**Exercise description:** Wherever the line that contains "Herz auf Zwerchfell, 3-fache" falls, repeat it and the lines after it exactly until the records end, without any pictures.

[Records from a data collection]
..............................
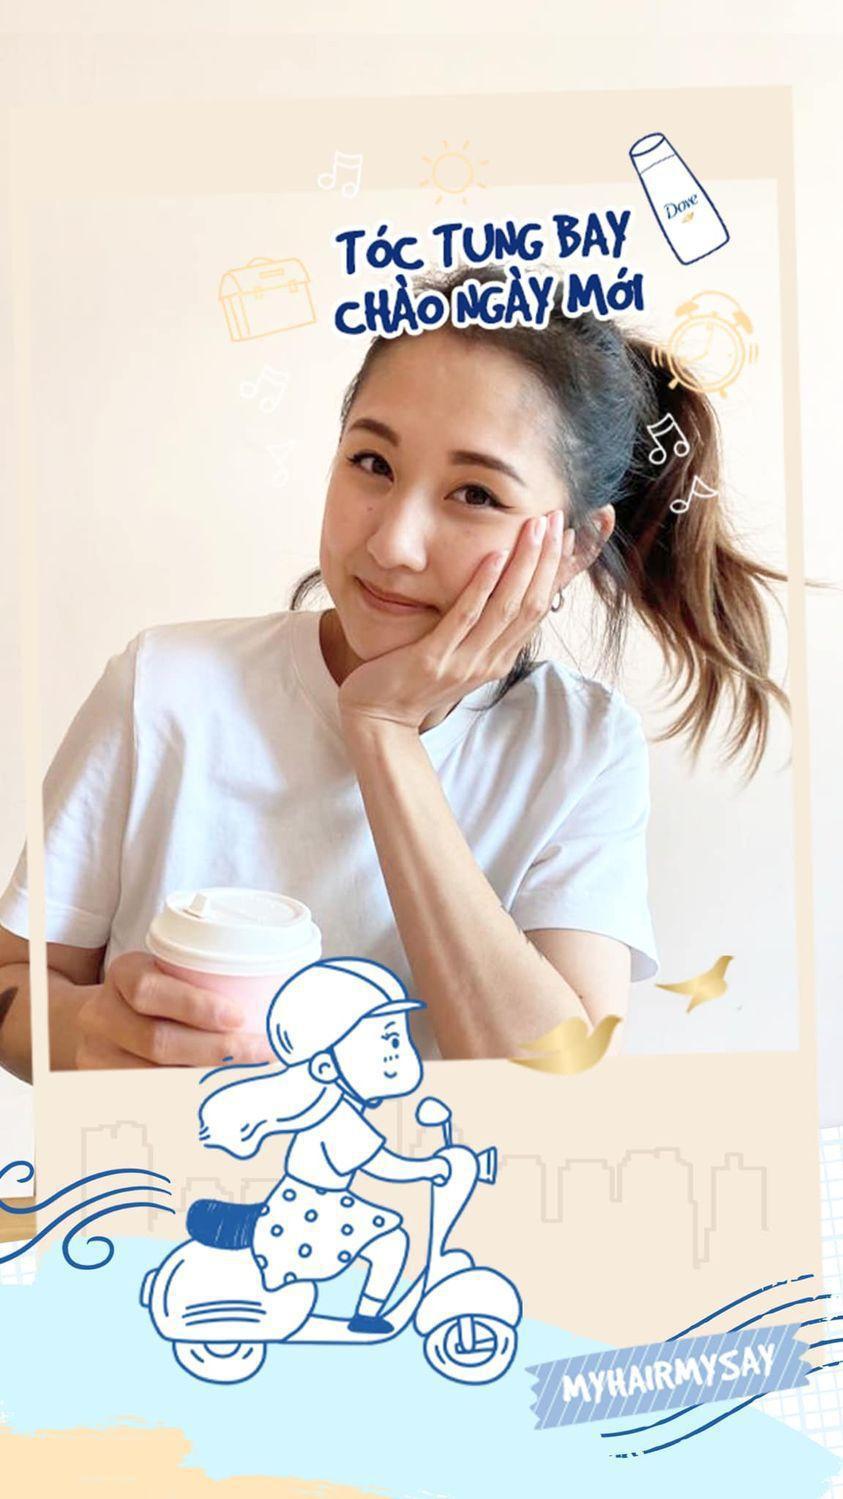 Thảo Nhi Lê, Hana Giang Anh, Julia Doan… khoe mái tóc ngẫu hứng, giản dị mà đẹp bất ngờ - Ảnh 6.
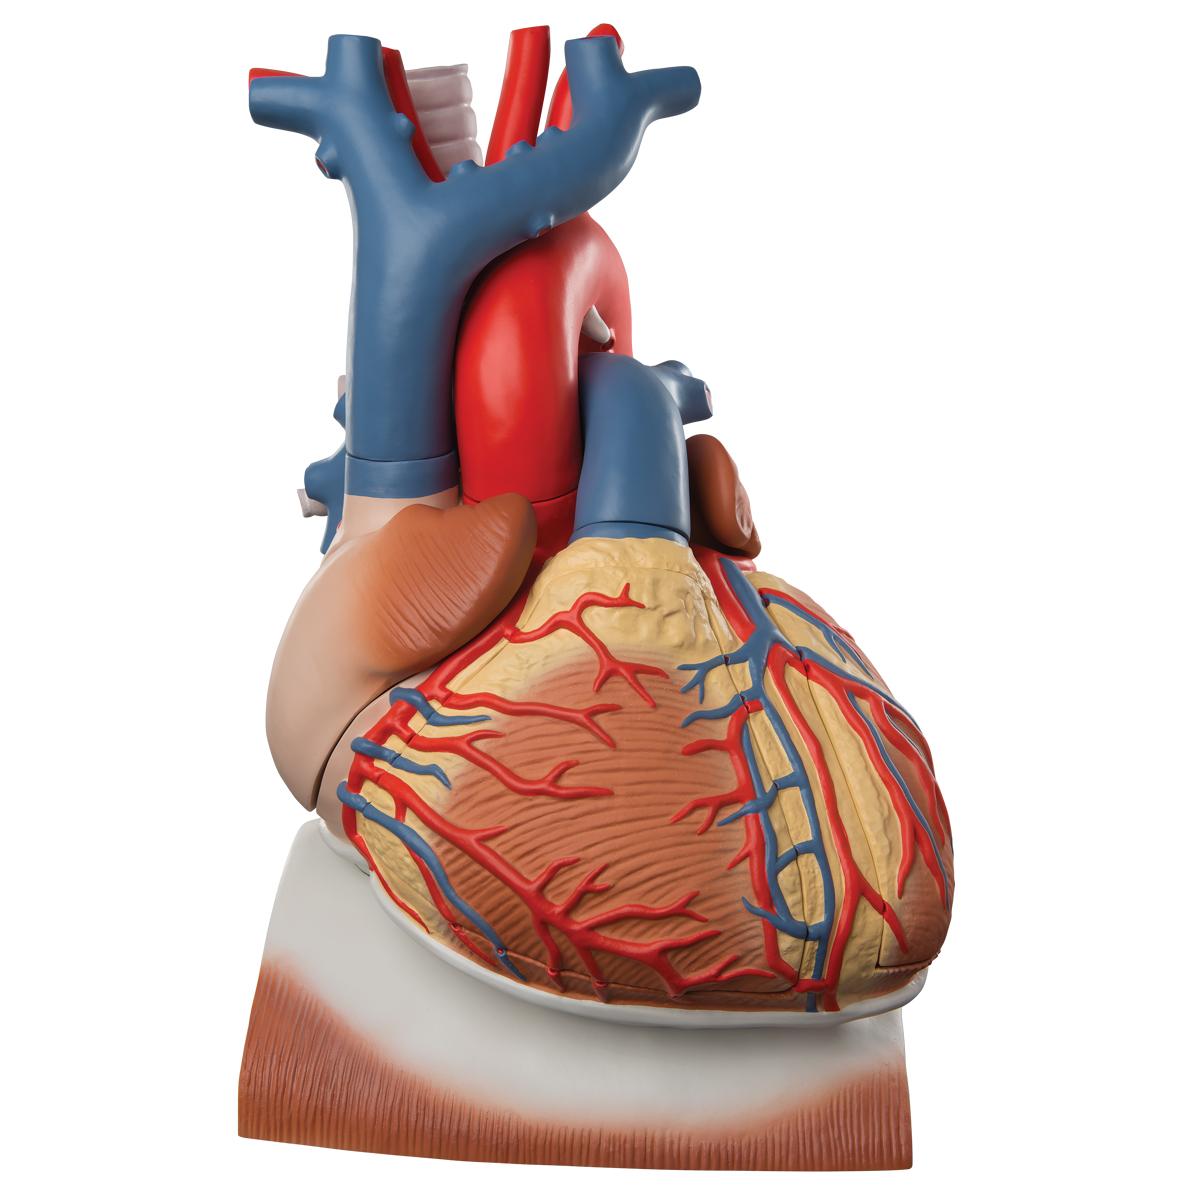 Herz auf Zwerchfell, 3-fache Größe, 10-teilig - 1008547 - VD251 ...
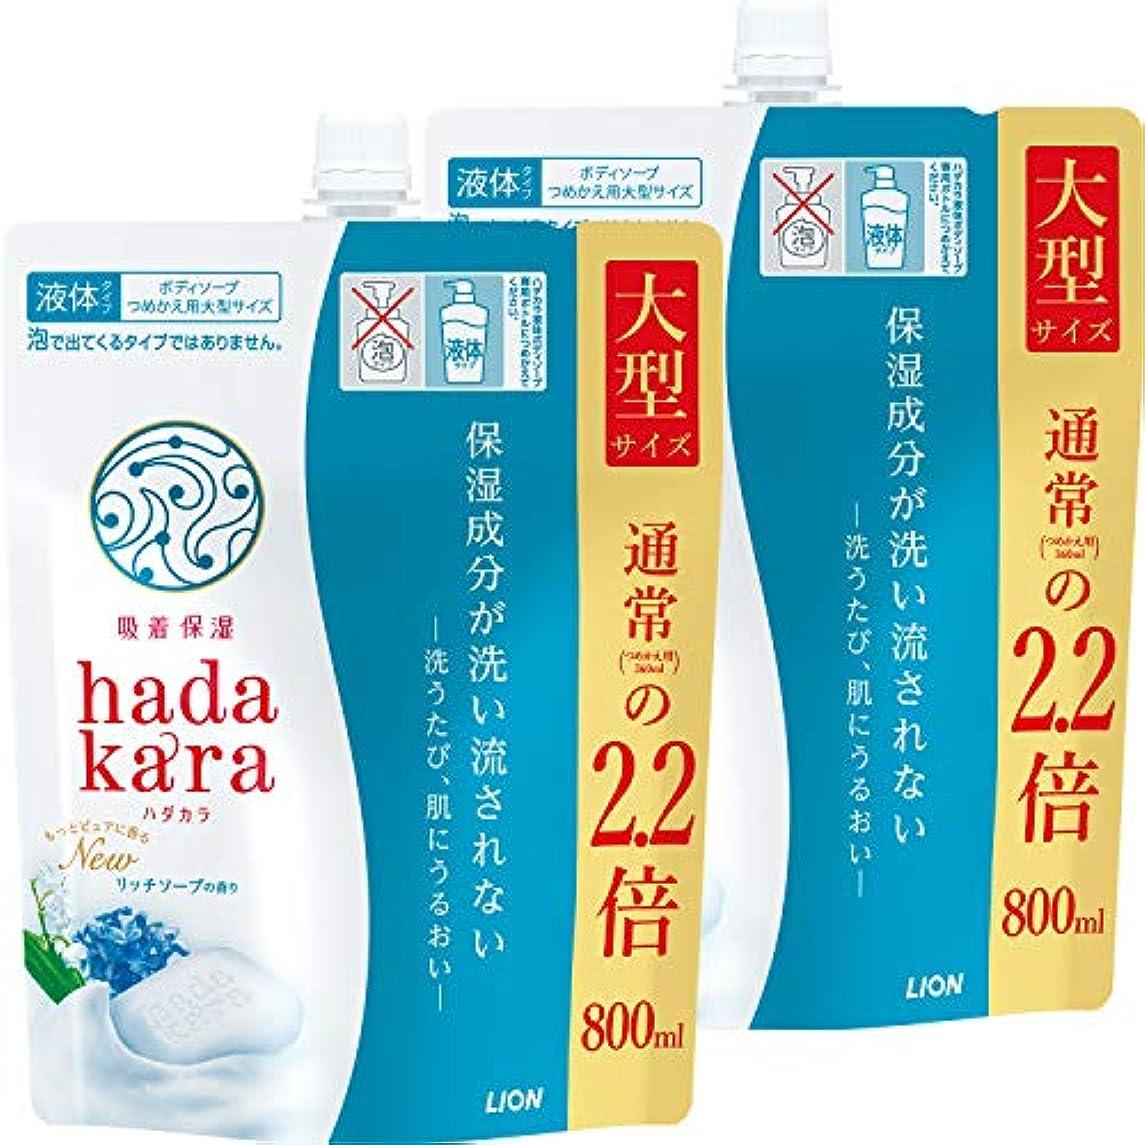 道を作る無秩序閃光【まとめ買い_大容量】hadakara(ハダカラ) ボディソープ リッチソープの香り つめかえ用大型サイズ 800ml×2個
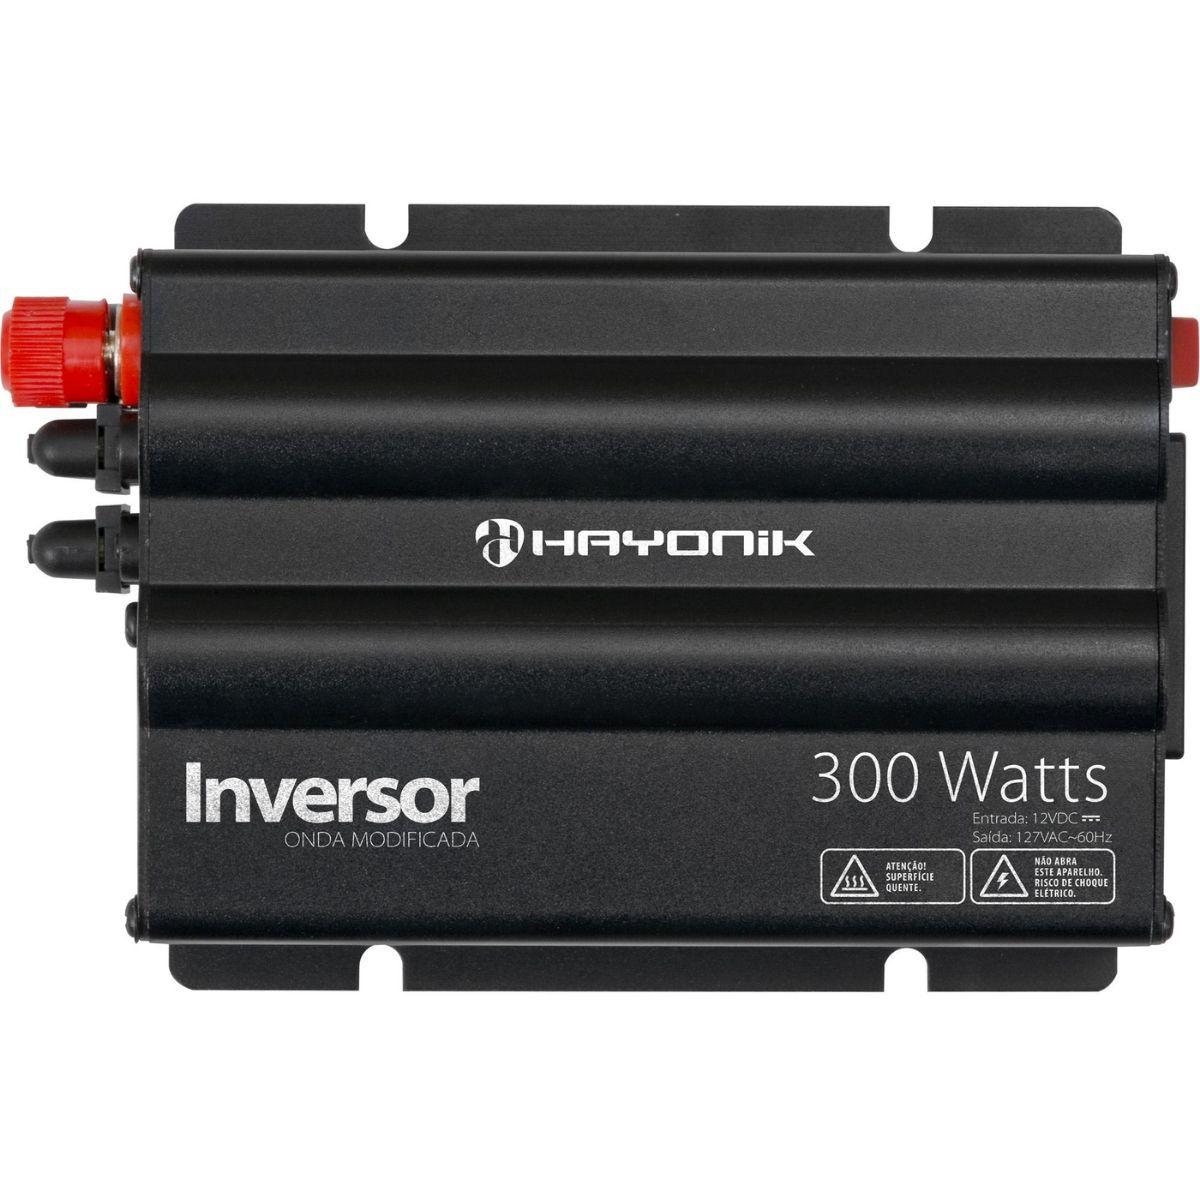 Inversor 300W 12VDC/127V Onda Modificada Cinza Escuro - HAYONIK
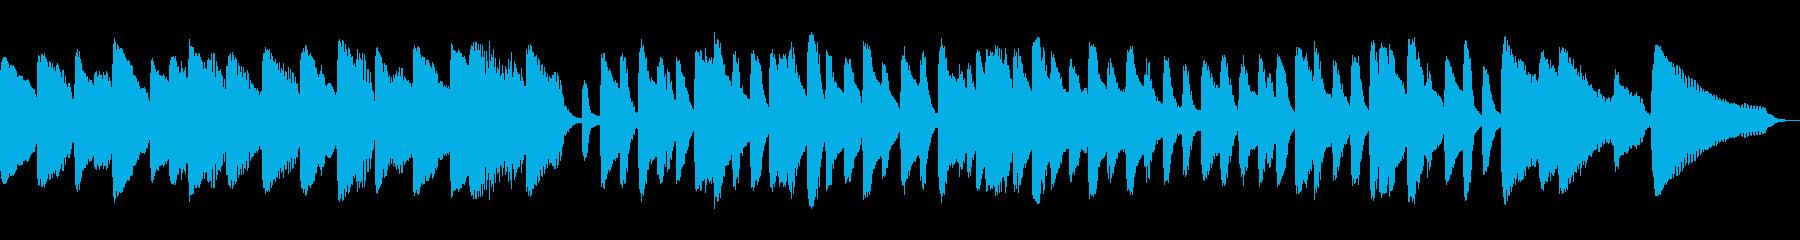 ちょっと和風のピアノ独奏曲「あやとり」の再生済みの波形
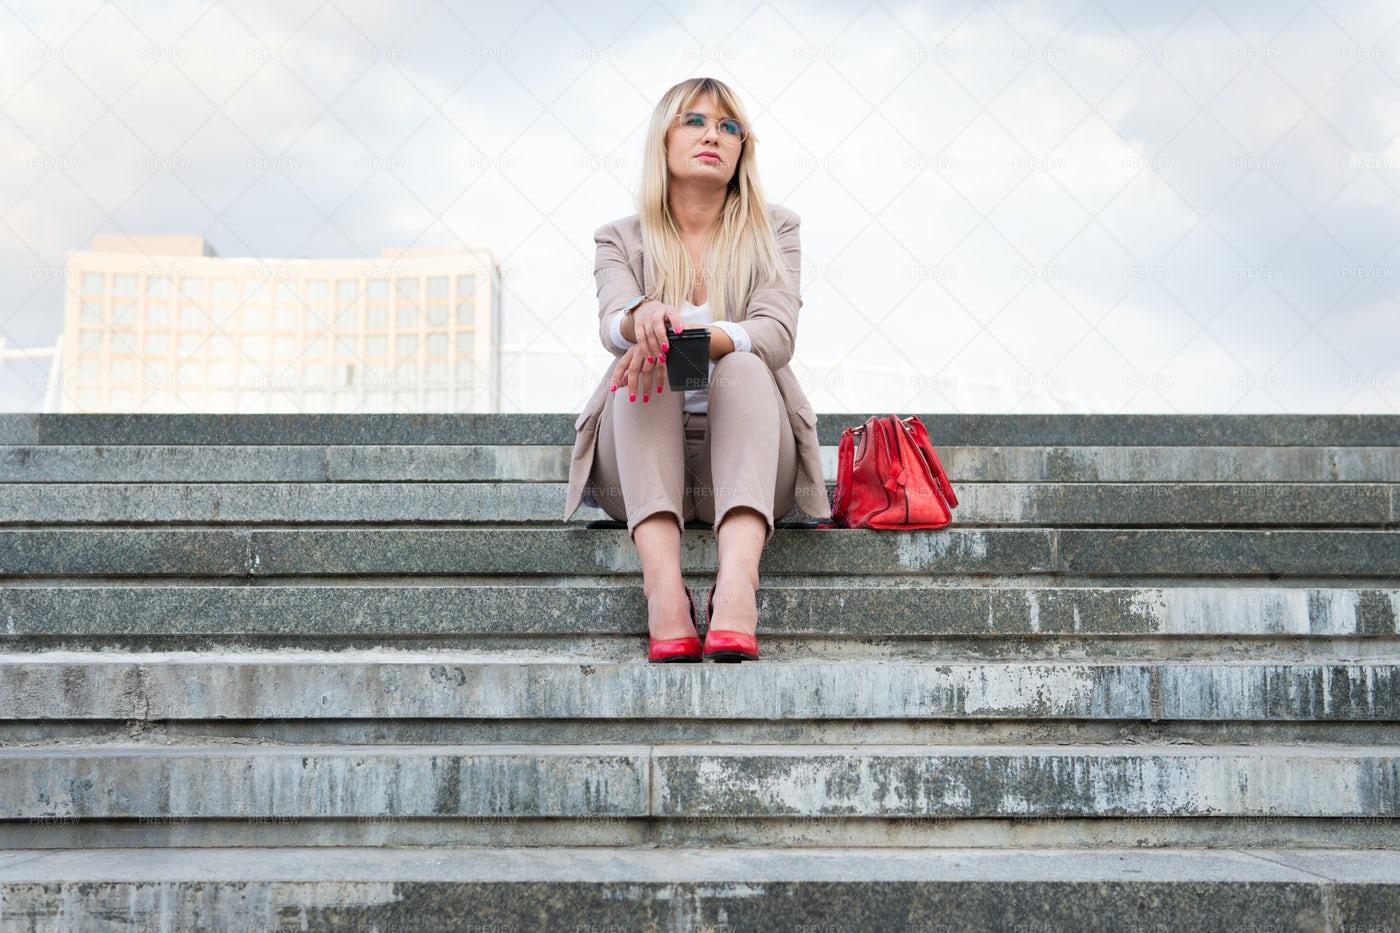 Businesswoman's Coffee Break: Stock Photos
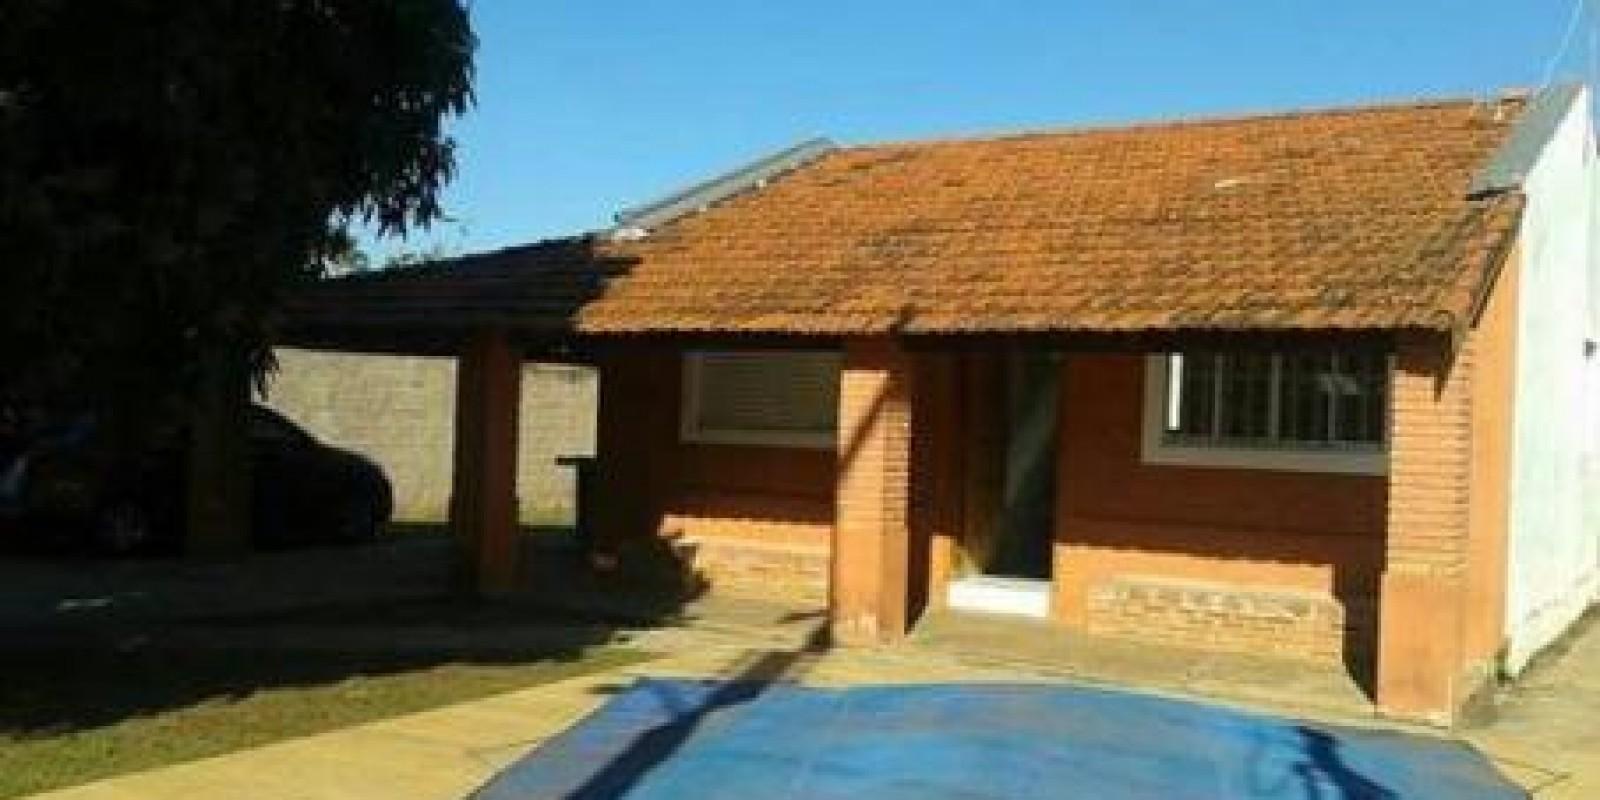 Casa na Represa no Costa Azul 1 em Avaré SP
..............................
**Completed exercise:**
 Herz auf Zwerchfell, 3-fache Größe, 10-teilig - 1008547 - VD251 ...
 道を作る無秩序閃光【まとめ買い_大容量】hadakara(ハダカラ) ボディソープ リッチソープの香り つめかえ用大型サイズ 800ml×2個
 Inversor 300W 12VDC/127V Onda Modificada Cinza Escuro - HAYONIK
 ちょっと和風のピアノ独奏曲「あやとり」の再生済みの波形
 Businesswoman's Coffee Break: Stock Photos
 Casa na Represa no Costa Azul 1 em Avaré SP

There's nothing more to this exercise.